「仏説阿弥陀経」の中に、極楽浄土にいる鳥として「共命(ぐみょう)の鳥」の名が見えます。「共命の鳥」とは、胴体は一つなのに、頭が二つあるので「共命」といいますが、この共命の鳥については、次のようなエピソードがあります。
鳥は木の実を餌としていますが、ある共命の鳥は、一方の頭のほうだけが、いつもおいしい木の実を先に食べ、もう一方の頭の方は、いつも残りものの木の実を食べていました。いつも残りものばかりになっている方が、そのことを不満に思っていたために、ある時、毒の木の実を見つけた時、「おいしそうな木の実がある」と言いました。こう言えば、必ずもう一方の方が、横取りして、毒の入った実を食べ、苦しむだろうと思ったのです。予想通り、さっさと横取りして、毒の実を食べ、苦しみ始めました。「やった。ざまあ見ろ」と喜んでいたところが、胴体はつながっているので、もう一方の方にも毒が回って苦しんだという話です。

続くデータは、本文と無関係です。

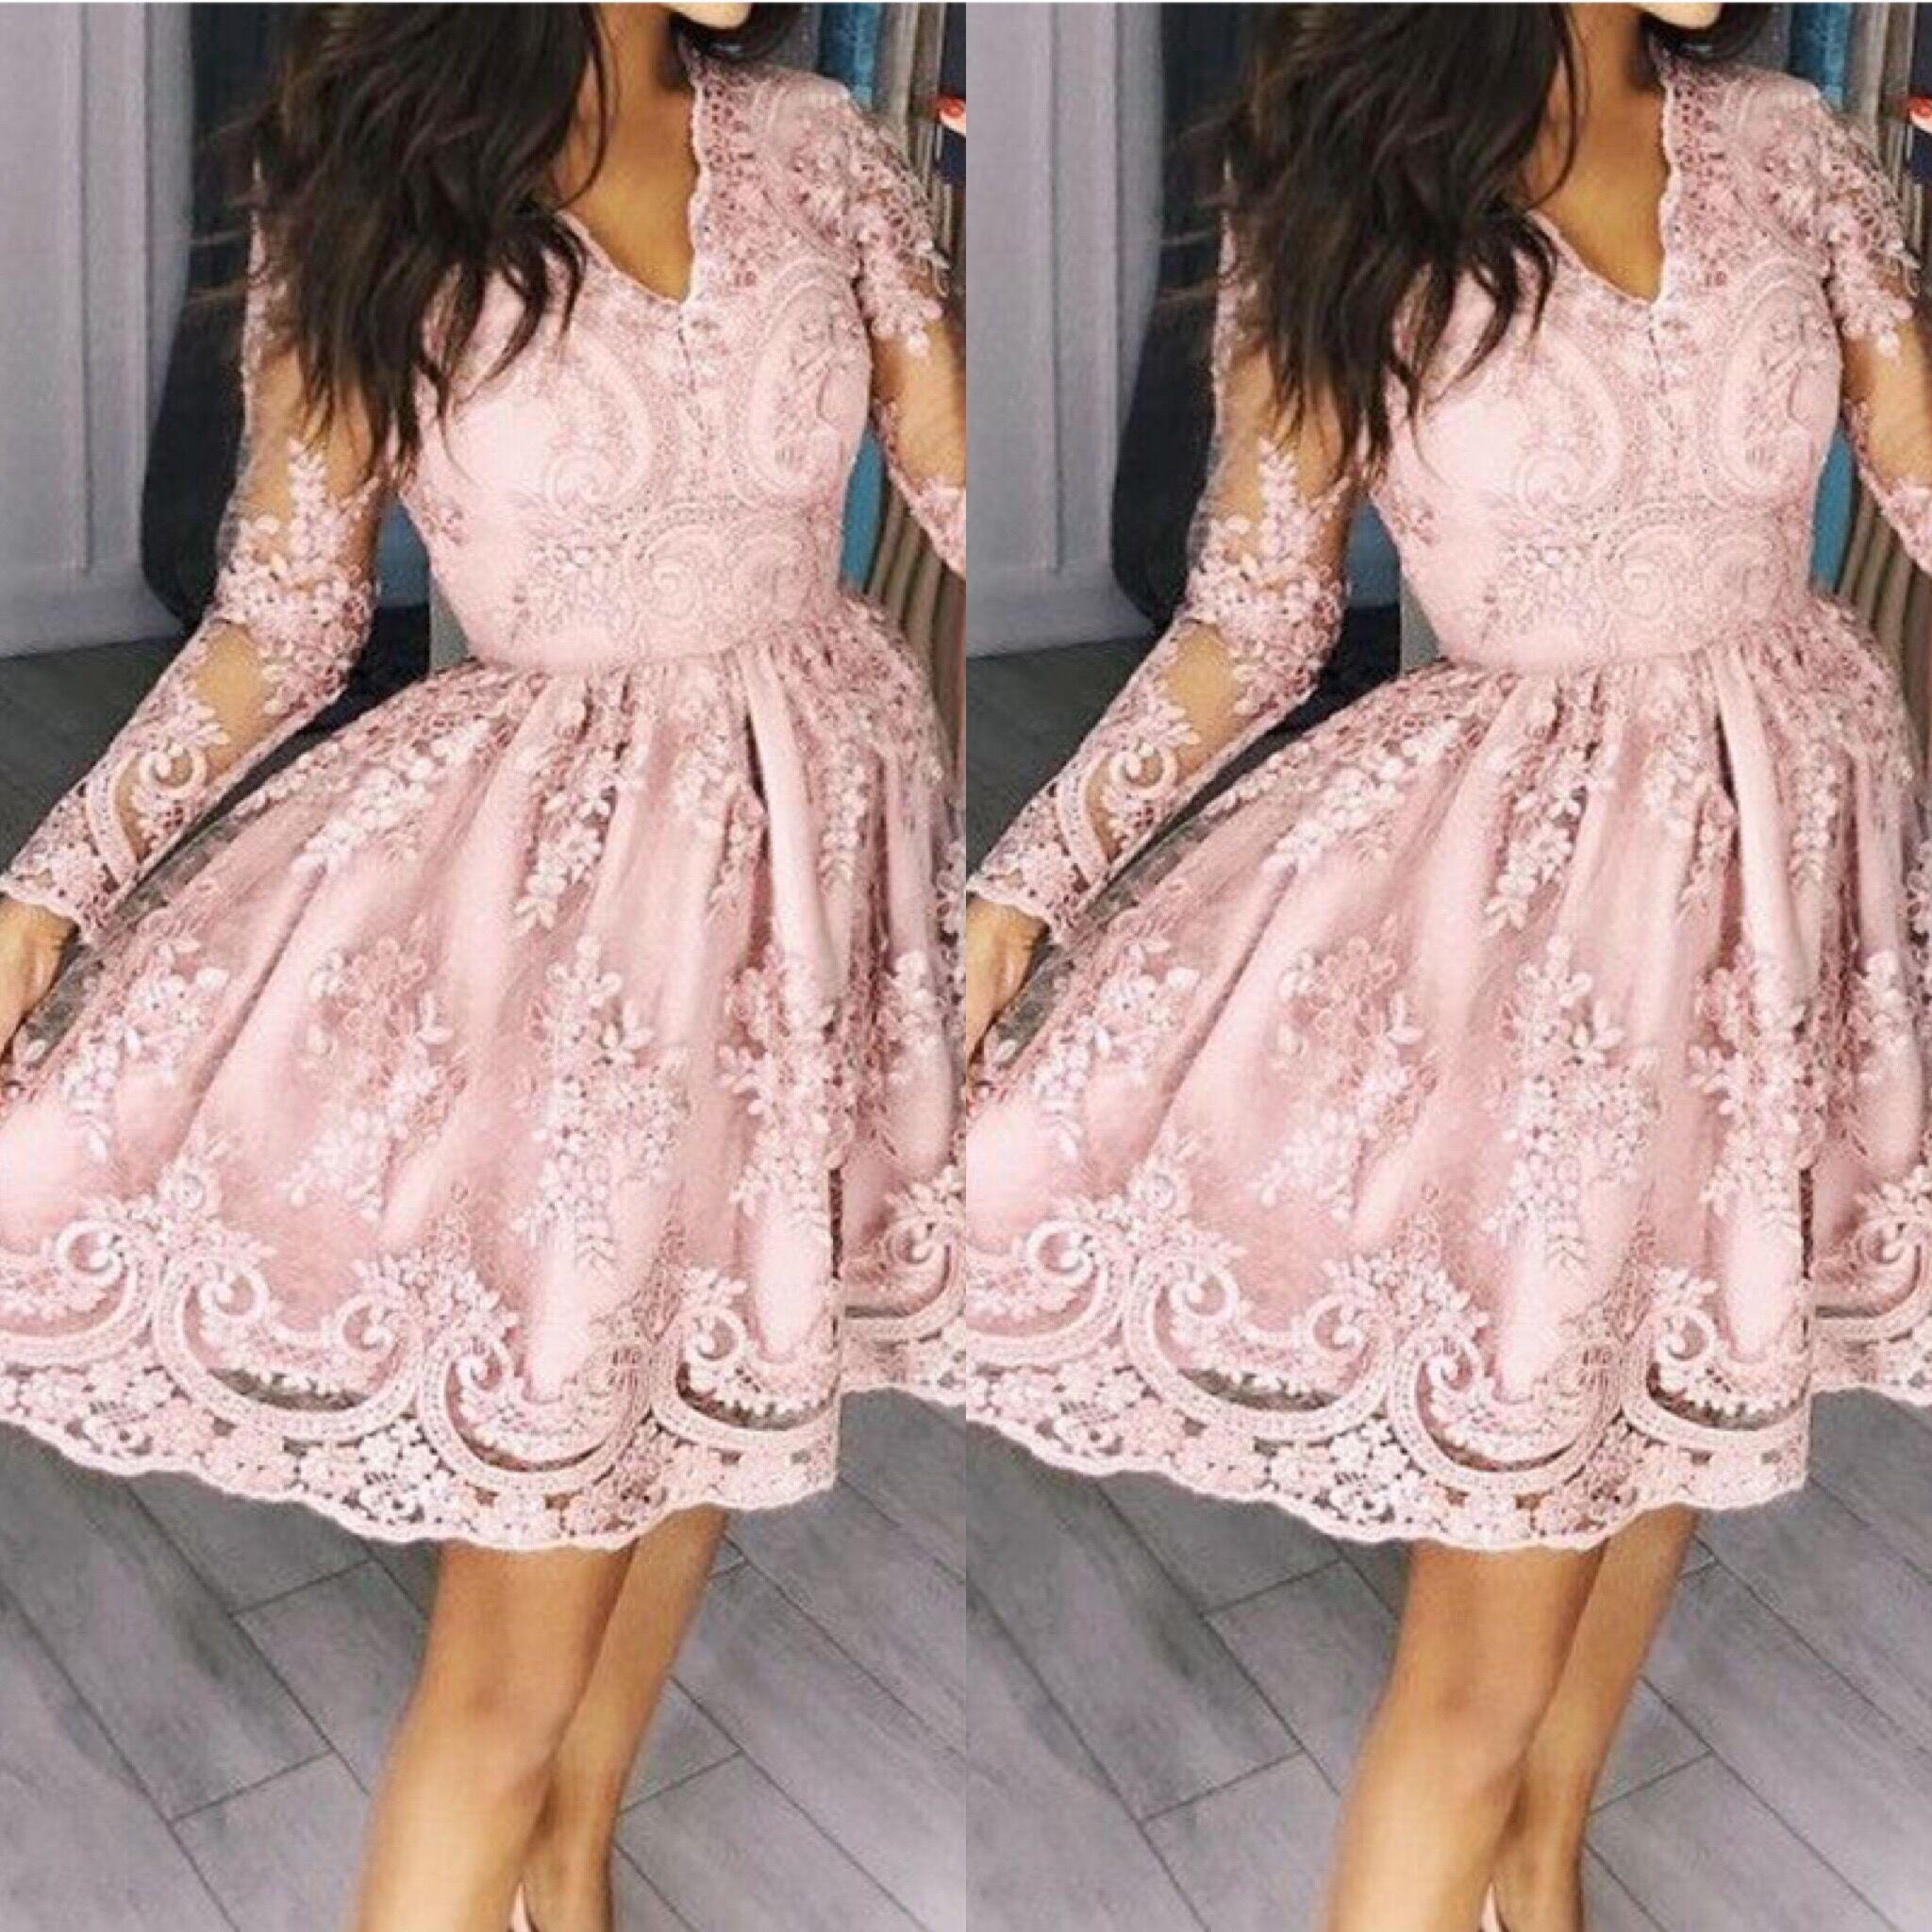 Ztvitalité robes de femmes 2018 offre spéciale Rose Broderie robe tendance Élégante robe de fête A-ligne Pleine Manches Maille robe sexy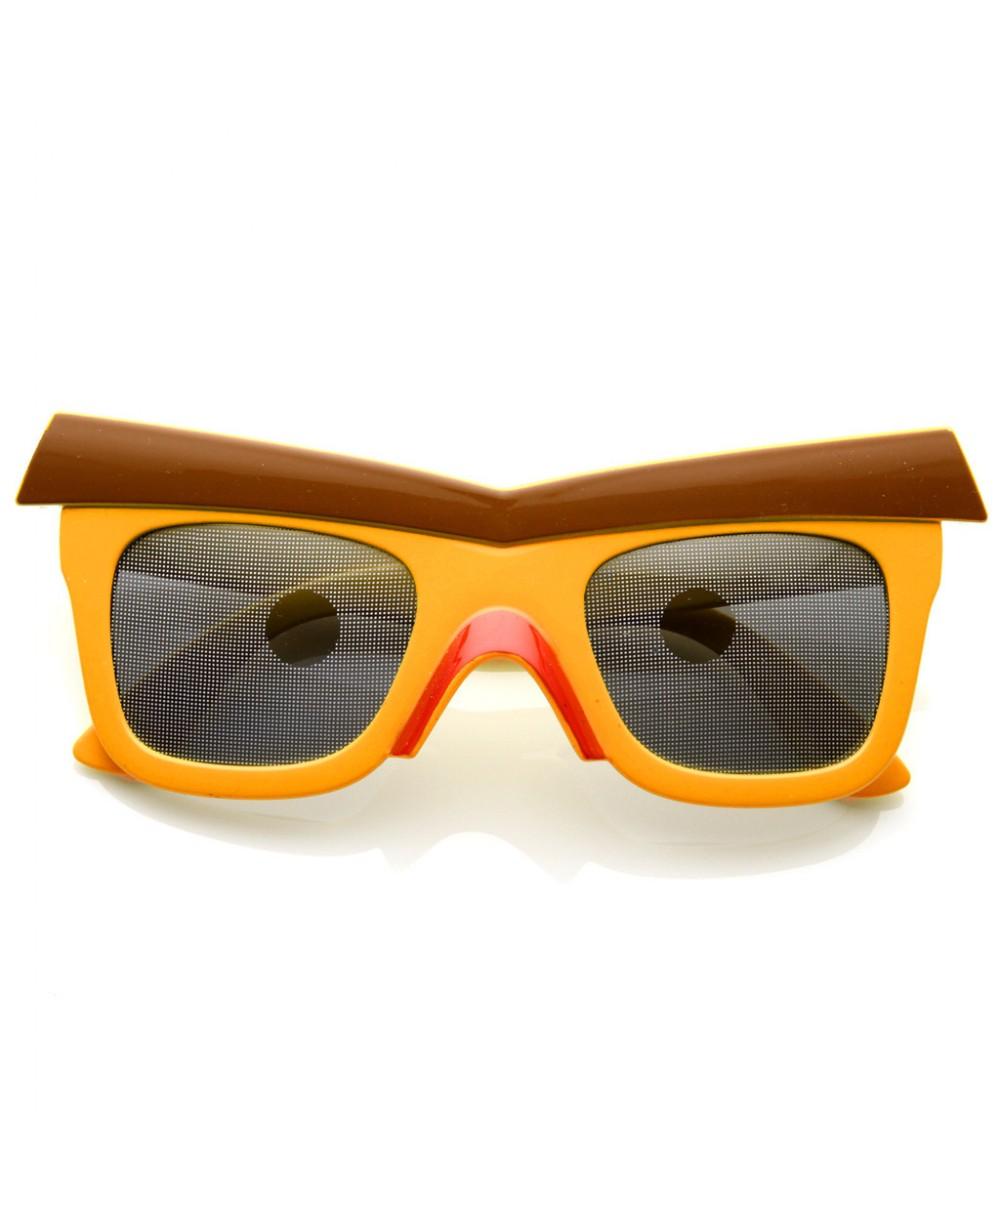 Beak-Sunglasses3 12 Unusual Sunglasses trends in 2018

私たちは、この鳥を「愚かだ」といえるでしょうか。私と他人とのつながりを忘れ、「自分が」、「自分が」と我を張っています。私と他者とのつながりを忘れて、自分ばかりを主張するから、互いにぶつかり合うことになります。それを、仏教の言葉で「我他彼此(がたぴし)」というのです。
自分のことだけ主張すれば「ガタピシ」と不快な音を立てます。かといって、自己中心的なあり方から離れることが簡単にできるわけではありません。自己主張してガタピシと音を立てるのが私たちのありのままの姿であり、互いに主張し、話し合い、論争し、そうやってつくられていくのが私たちの社会です。
しかし、「ご縁」という見方があれば、共命の鳥のように、いのちを共にしているものであると知らされて、ただぶつかり合うだけの愚かさを知り、互いの意見を尊重し、許し合い支え合う「共に」の社会を作っていく思いが生まれてくるのではないでしょうか。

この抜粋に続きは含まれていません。